The proposed architecture provides excellent point and quantile forecast performance metrics and is applied to short and medium-term load forecasting (SMTLF) on a dataset of real power consumption from a medium-sized city in Spain. An extensive analysis of results is provided, comparing the results obtained by CWQFNN against an extensive list of alternative classic and state-of-the-art machine learning forecasting models and considering the influence of important model parameters.

The proposed architecture (CWQFNN) does not require transforming the base model or adding complex extensions to the loss function to ensure efficient quantile forecasts with a small crossover rate.

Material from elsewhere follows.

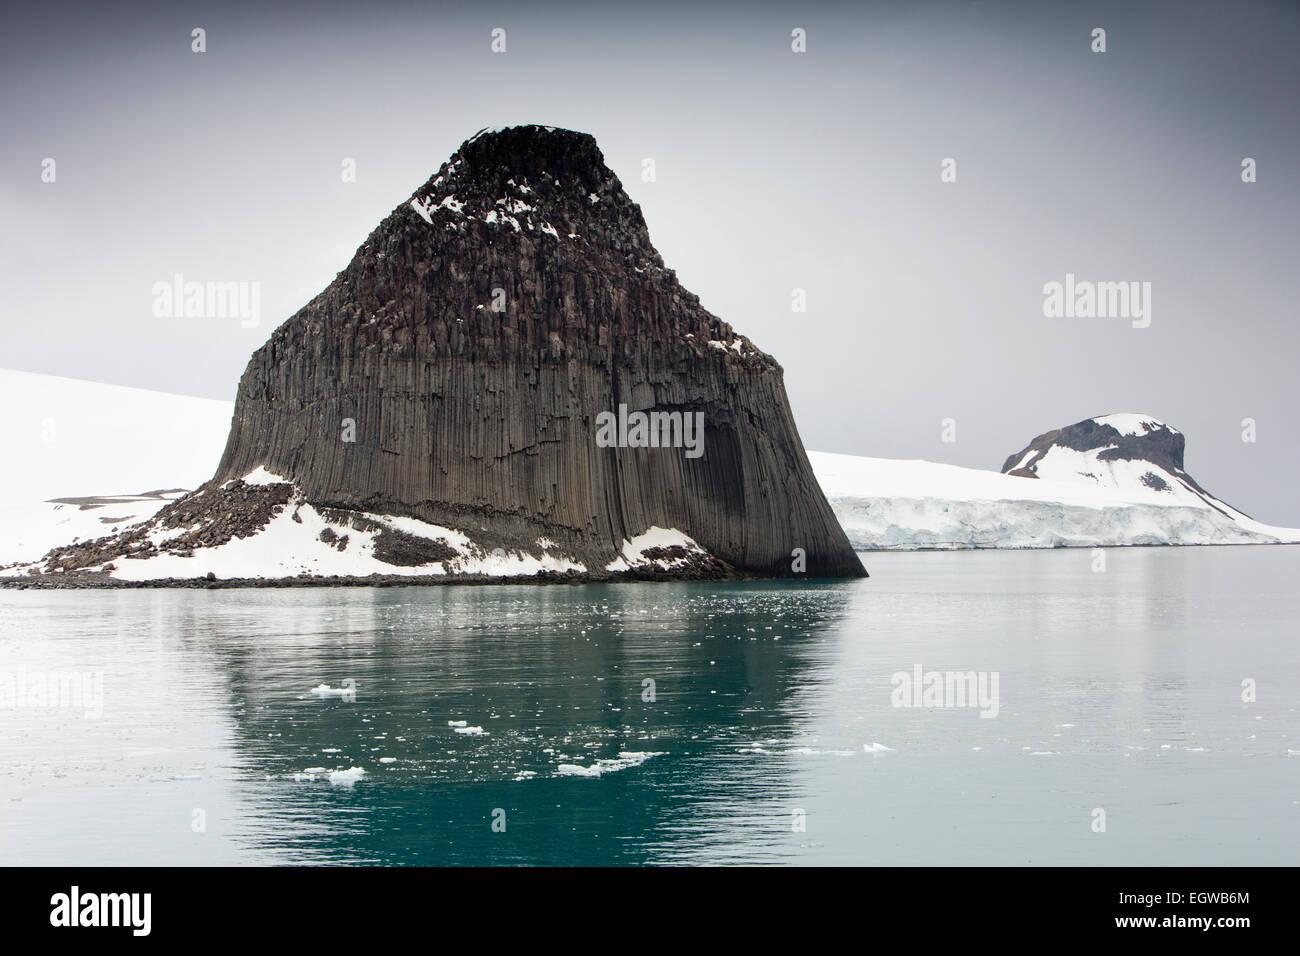 Antarctica, South Shetland Islands, Edinburgh Rock, basalt columns - Stock Image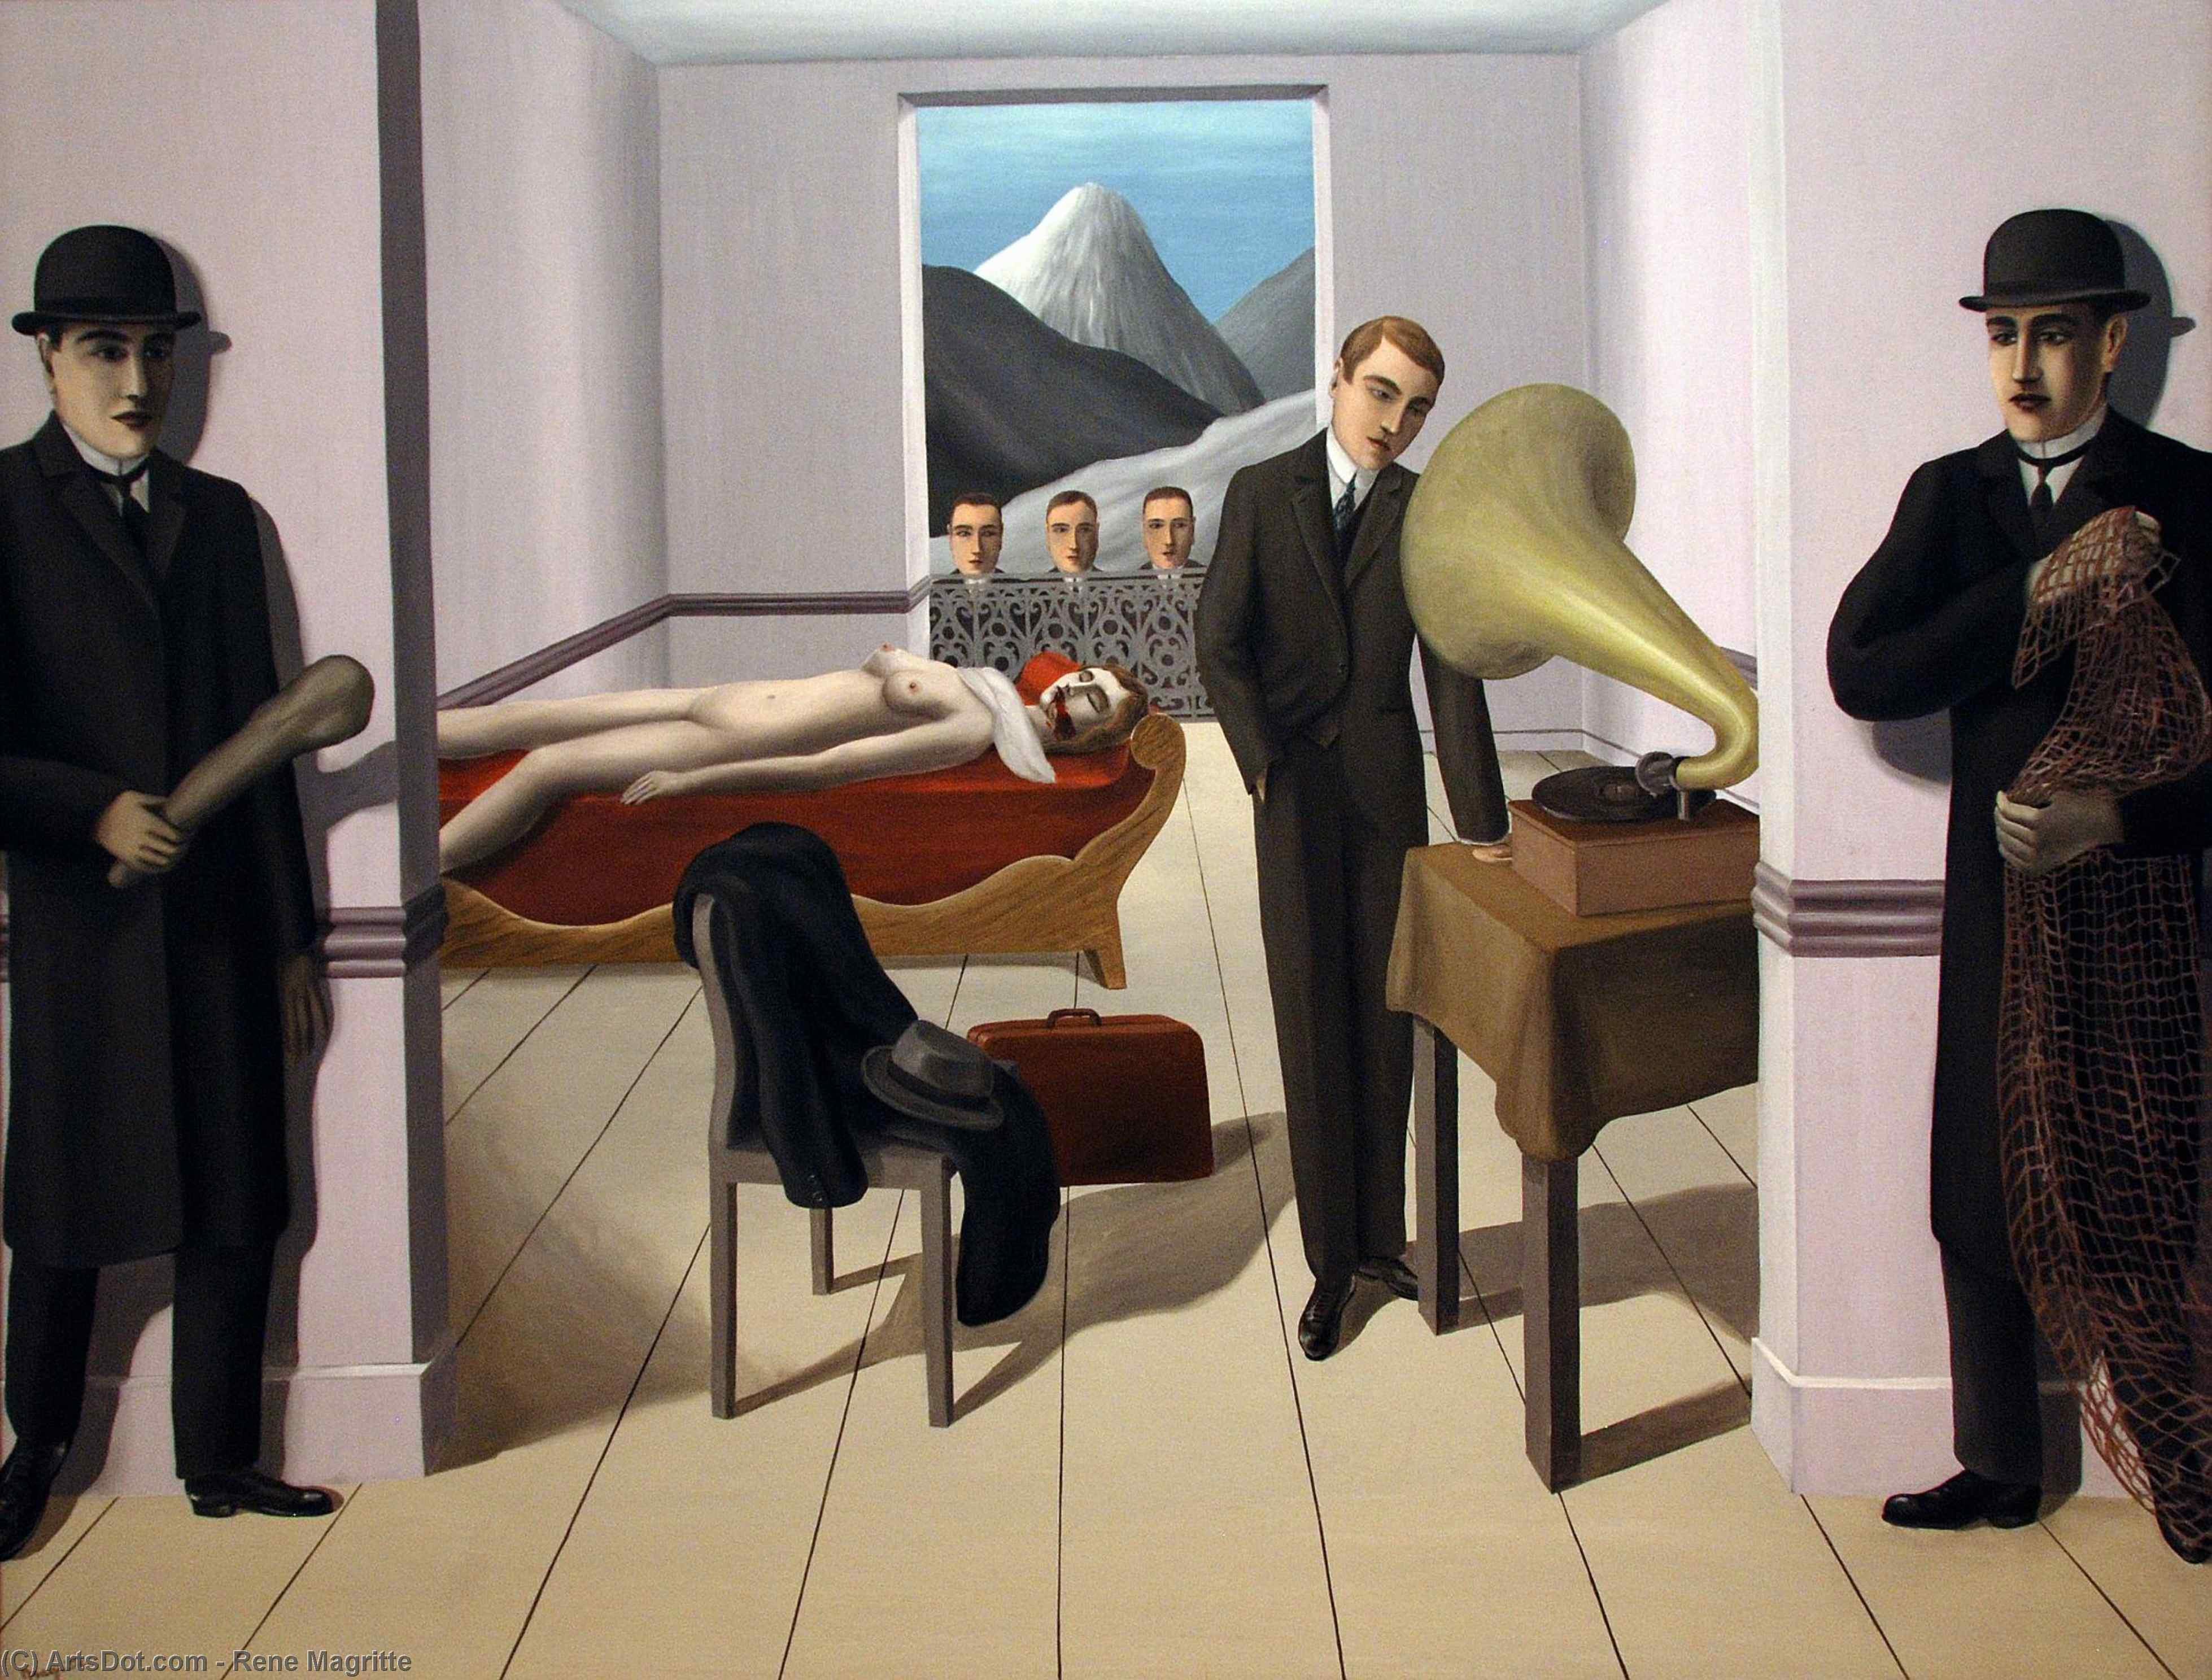 El amenazado Asesino  - Rene Magritte

The experimental results allow us to conclude that the CWQFNN architecture presents the best forecast performance metrics for average and long-term forecasting and achieves its best performance when the base model is an additive ensemble deep learning model.

As the future line of research related to the present work, we plan to further investigate the connections between the performance improvement obtained by applying the CWQLoss, which implicitly applies a multitask learning approach [73], with the direction taken by works that address the multitask learning as a multiobjective optimization problem [74,75] as a potential resource to explain the behavior shown by the CWQFNN architecture and the impact of, including the constrained weights into the pinball loss. A possible extension to this investigation could be to apply a multiobjective loss [74] to quantile forecasting in SMTLF.